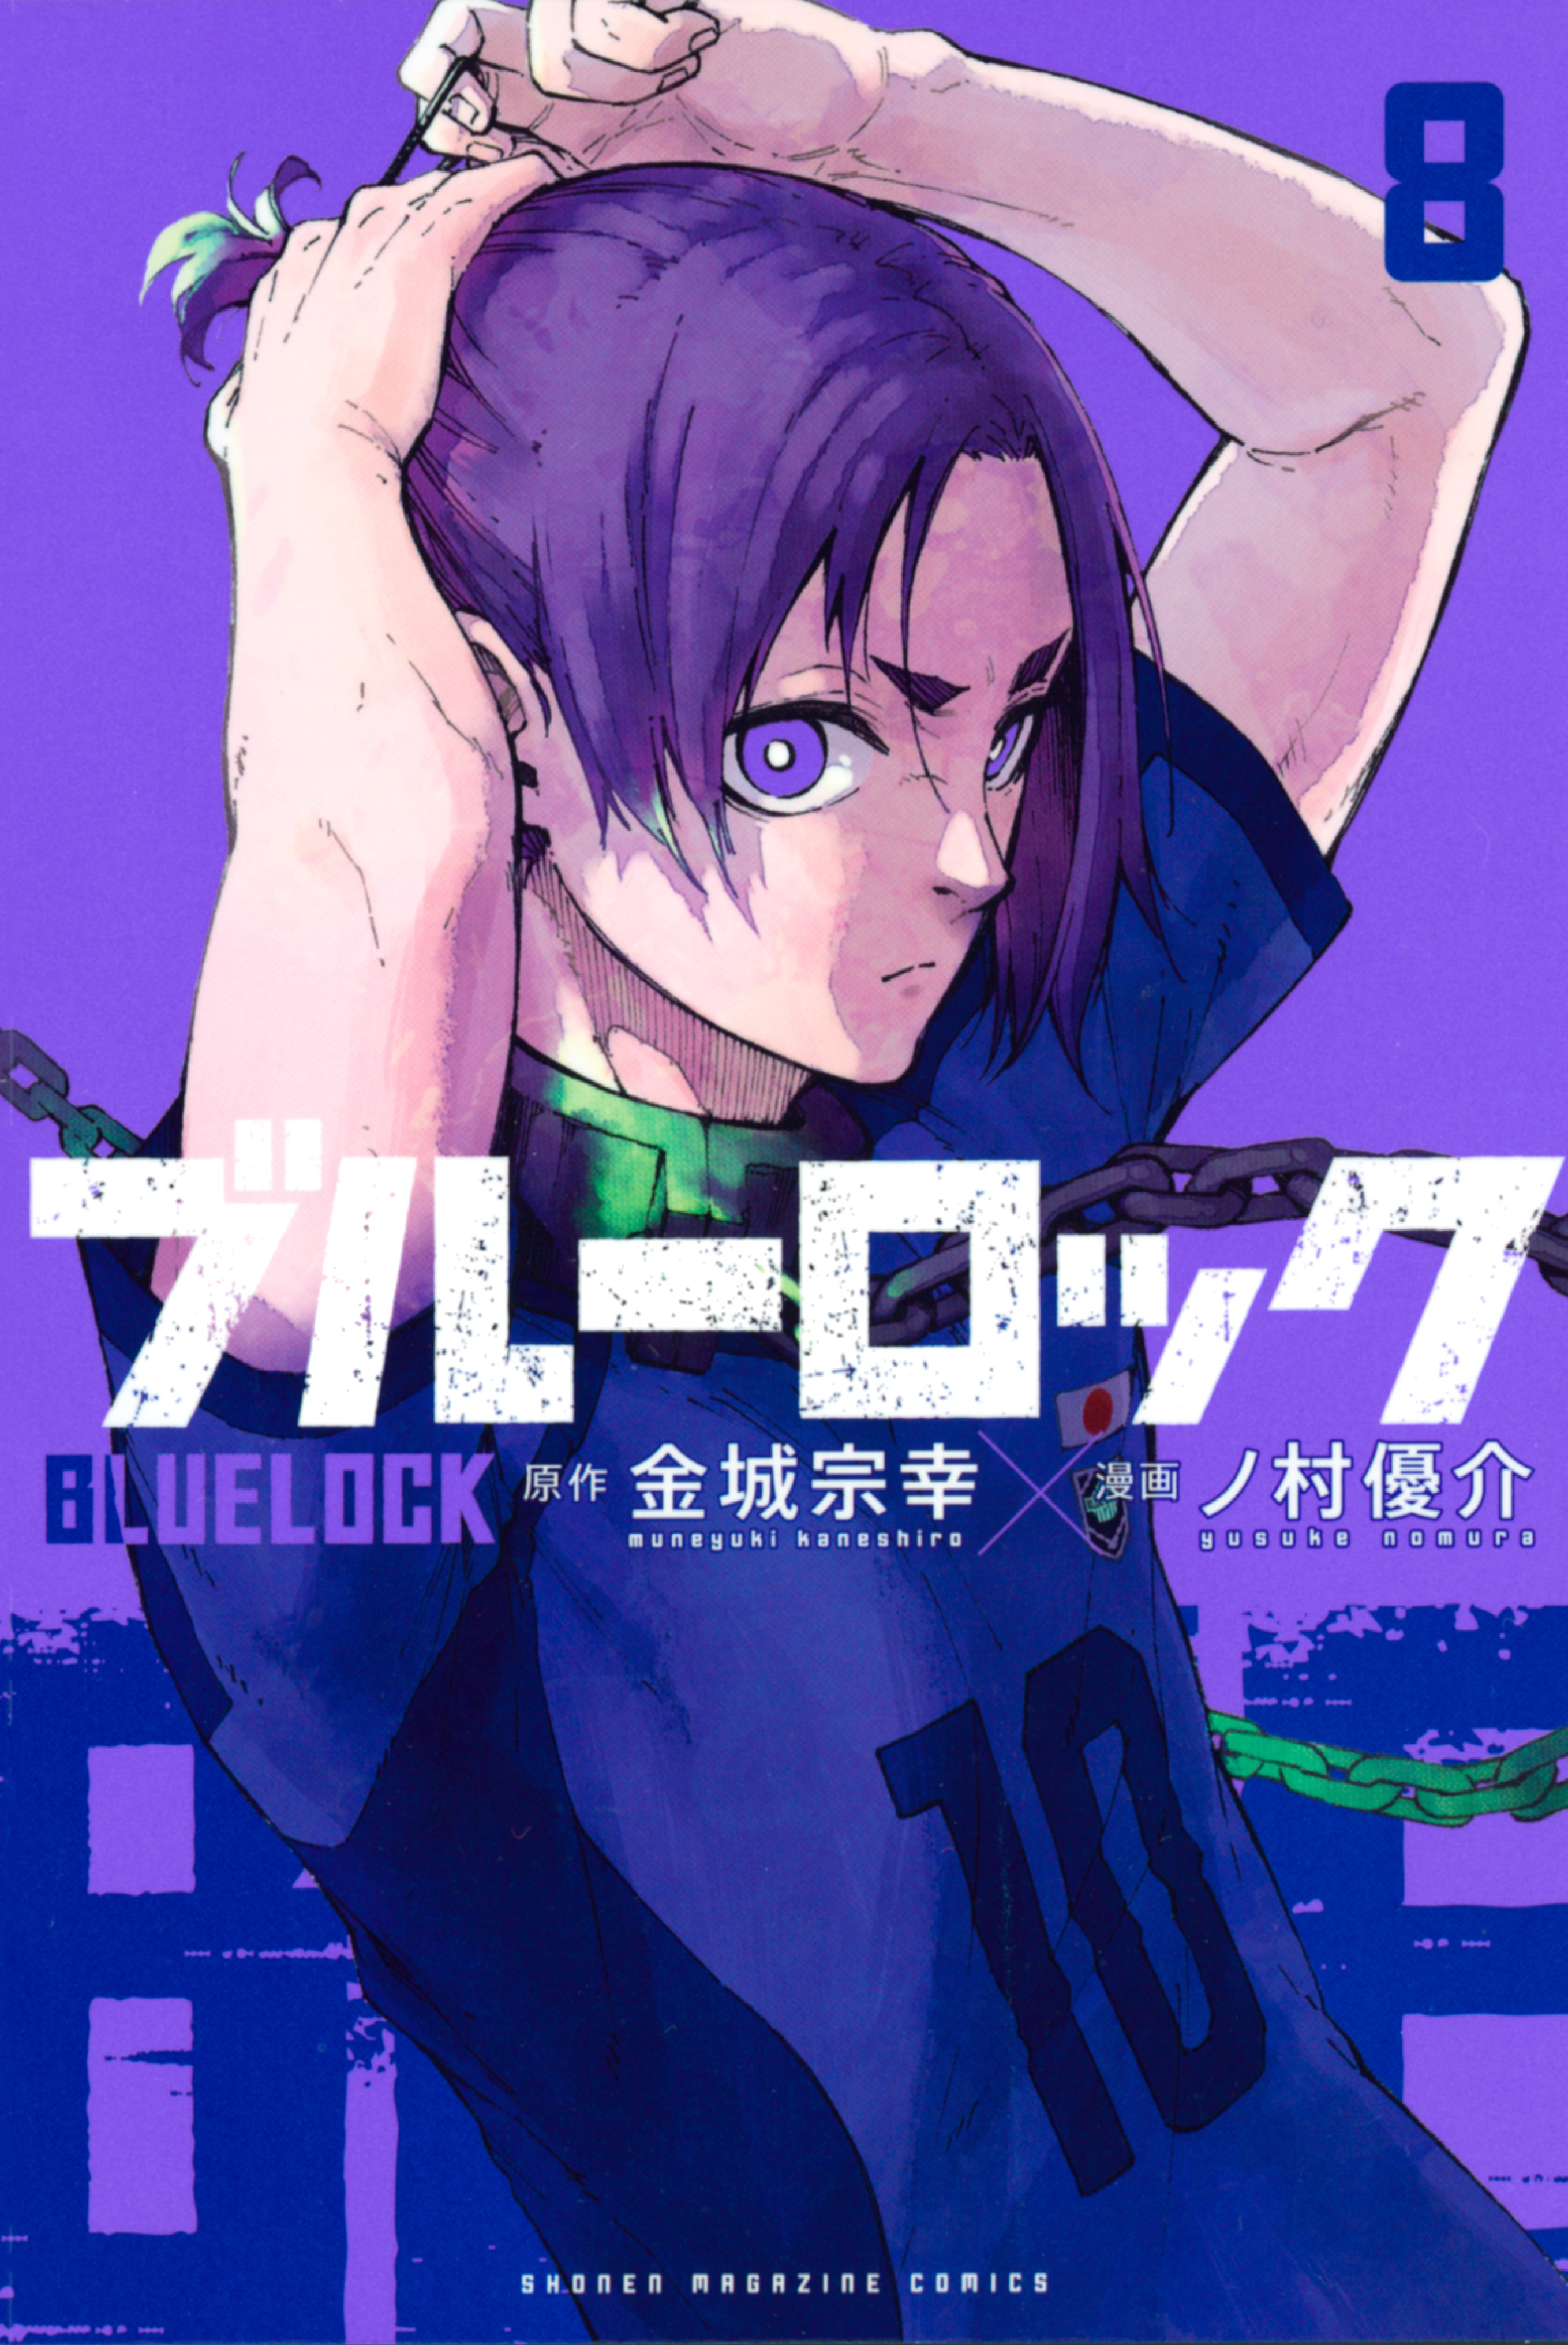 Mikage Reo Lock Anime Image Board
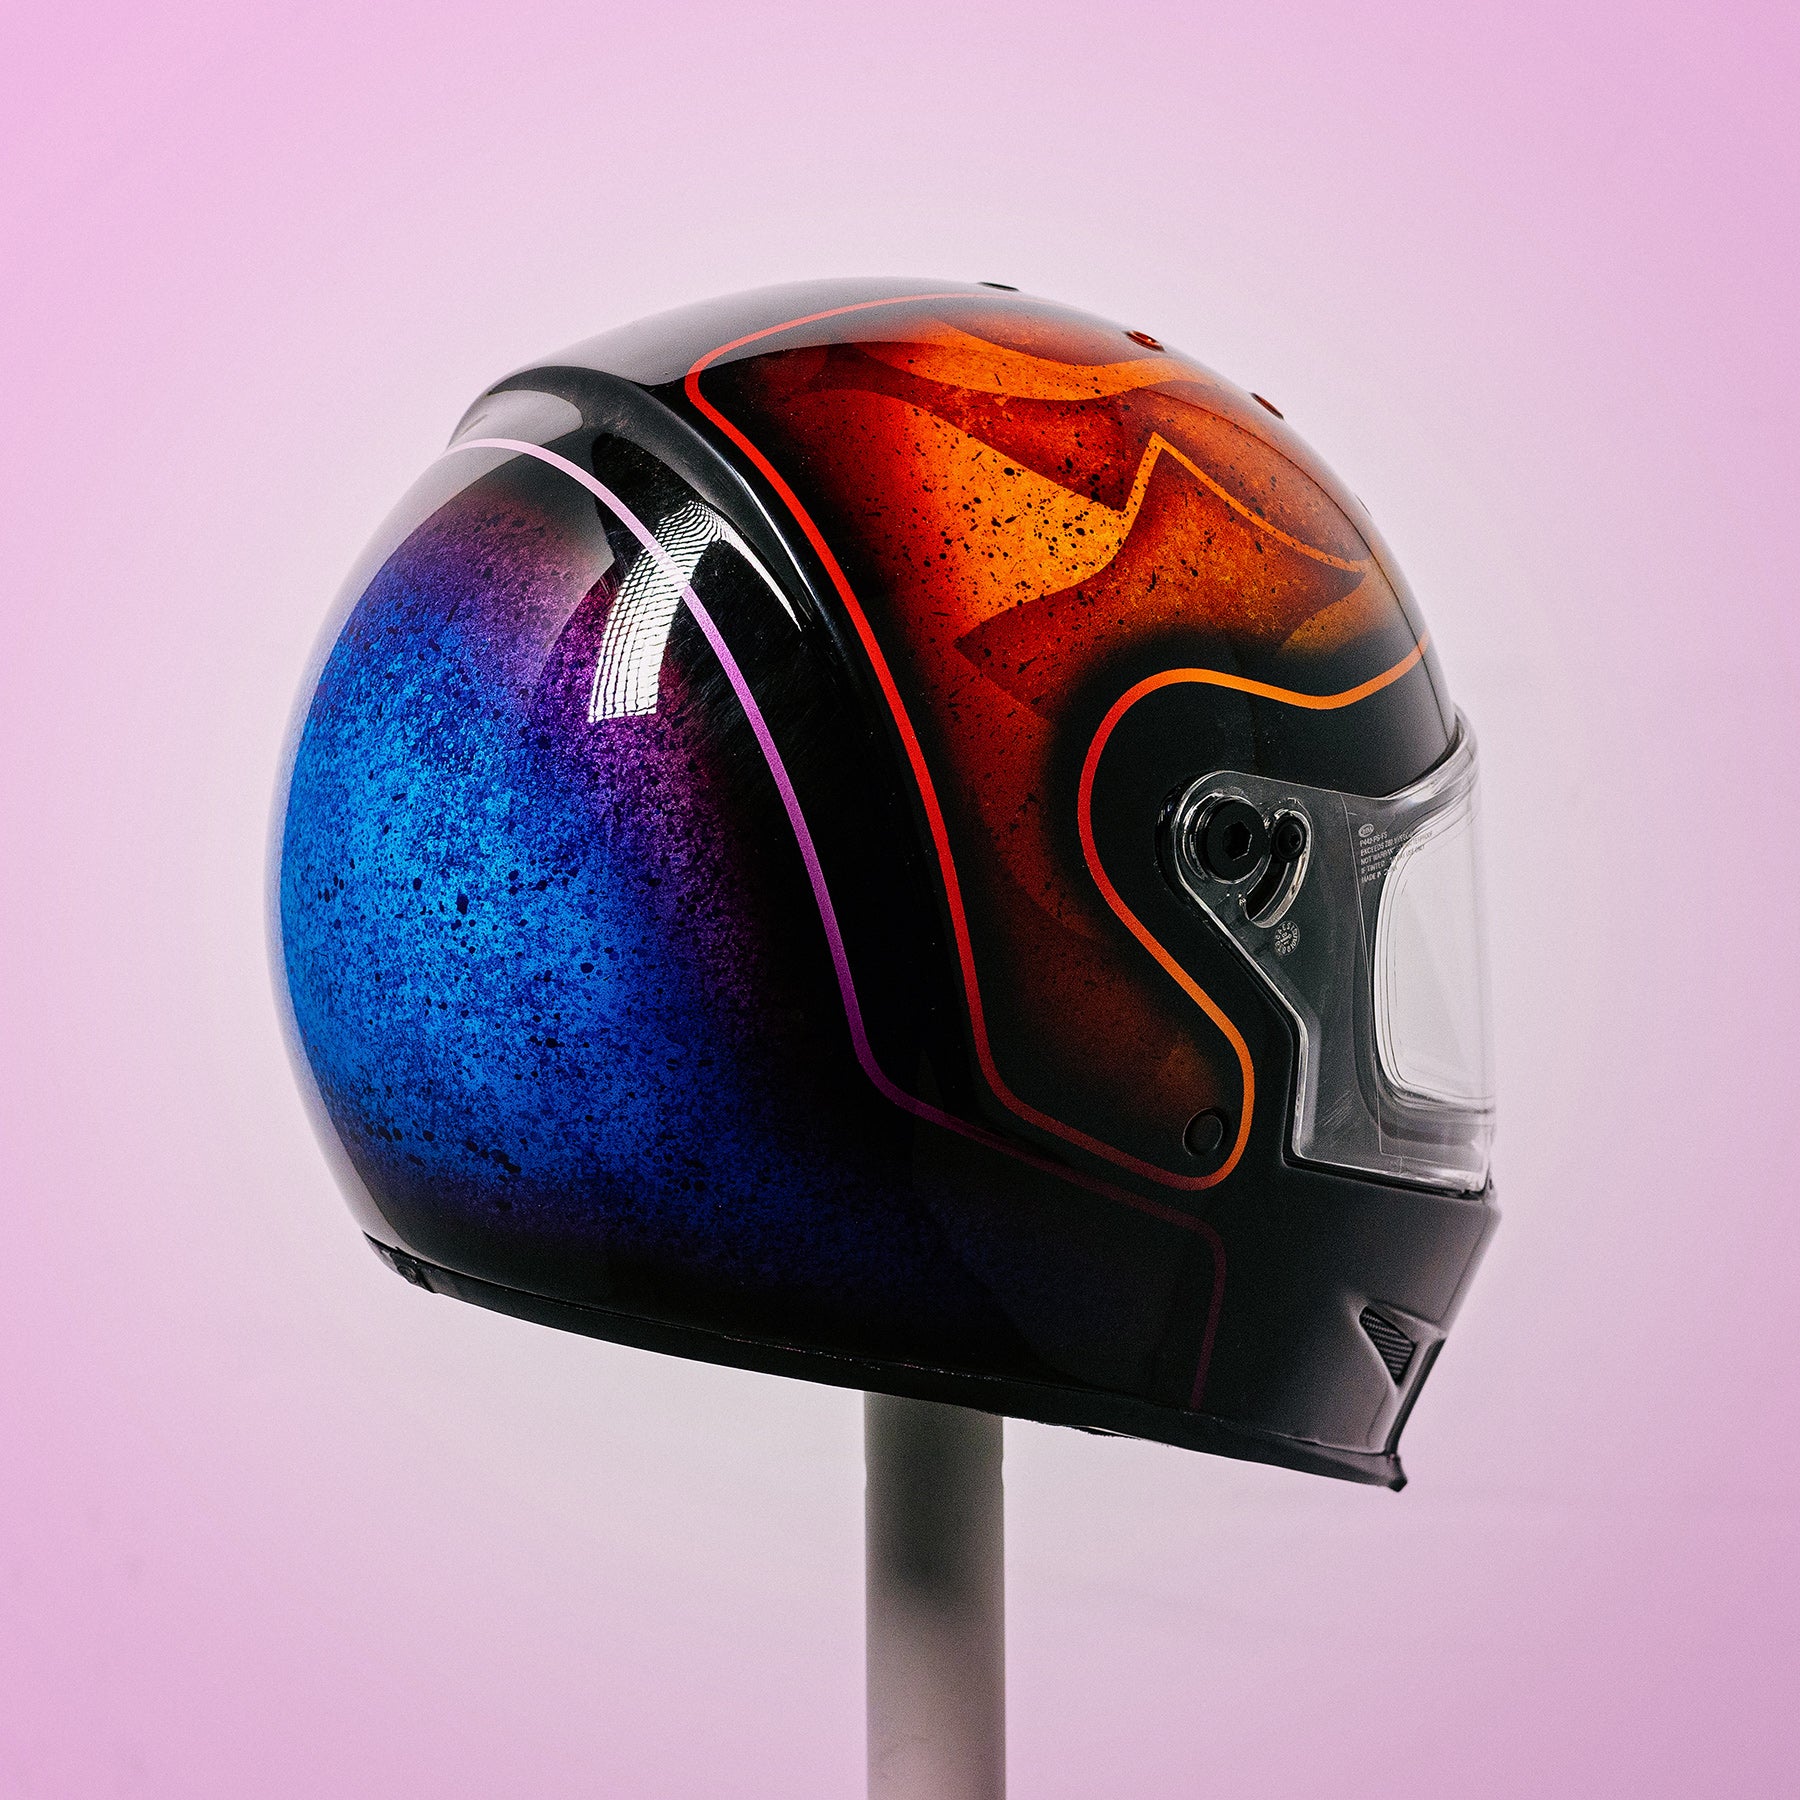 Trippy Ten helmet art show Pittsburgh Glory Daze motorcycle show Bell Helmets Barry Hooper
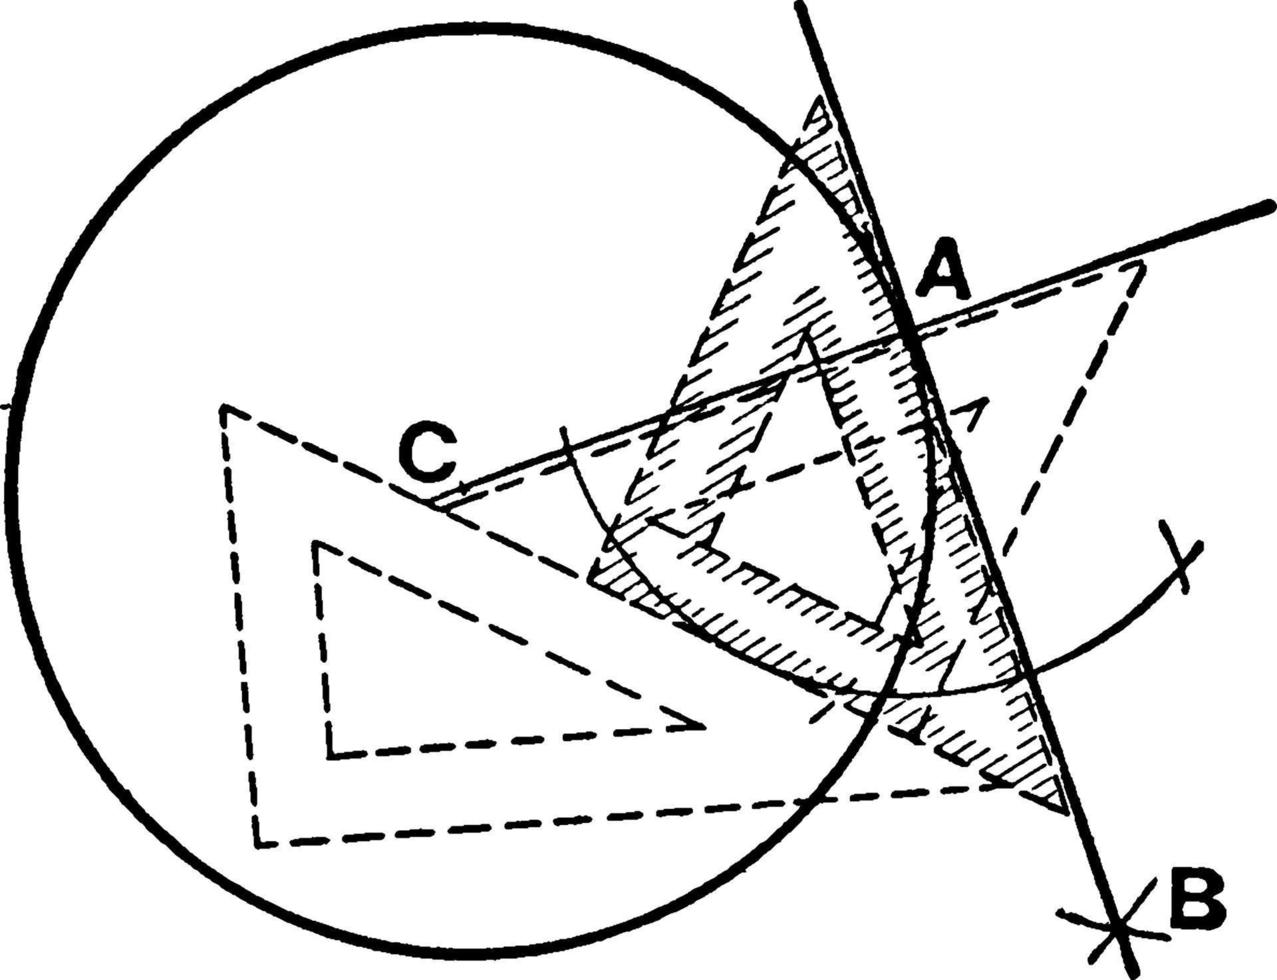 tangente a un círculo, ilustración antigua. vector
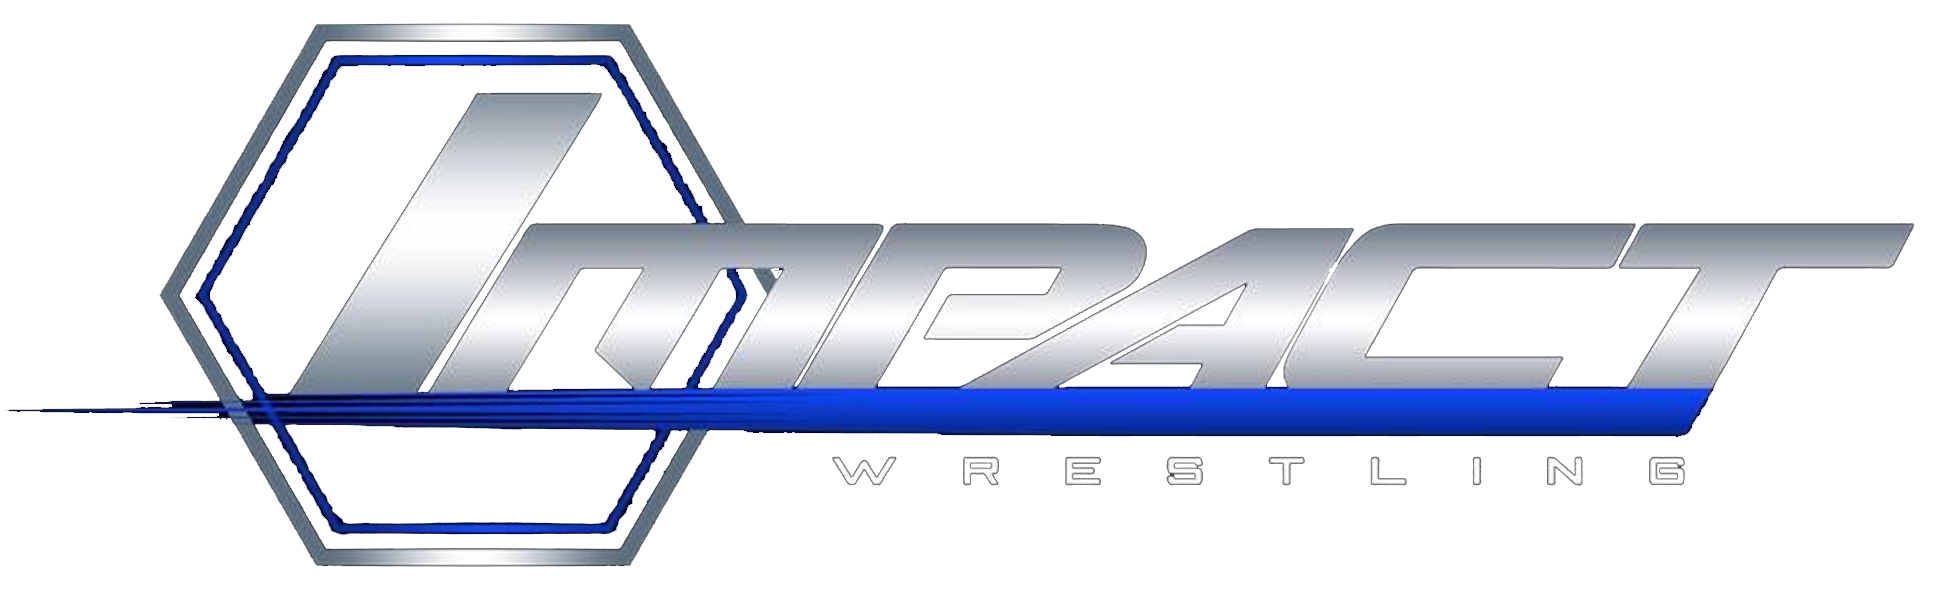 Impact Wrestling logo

____________________

YOUR GOAL
Word for word, restate all of the material, omitting the images.

RESULT OF THIS TASK
 Mikage Reo Lock Anime Image Board
 Trippy Ten helmet art show Pittsburgh Glory Daze motorcycle show Bell Helmets Barry Hooper
 tangente a un círculo, ilustración antigua. vector
 Impact Wrestling logo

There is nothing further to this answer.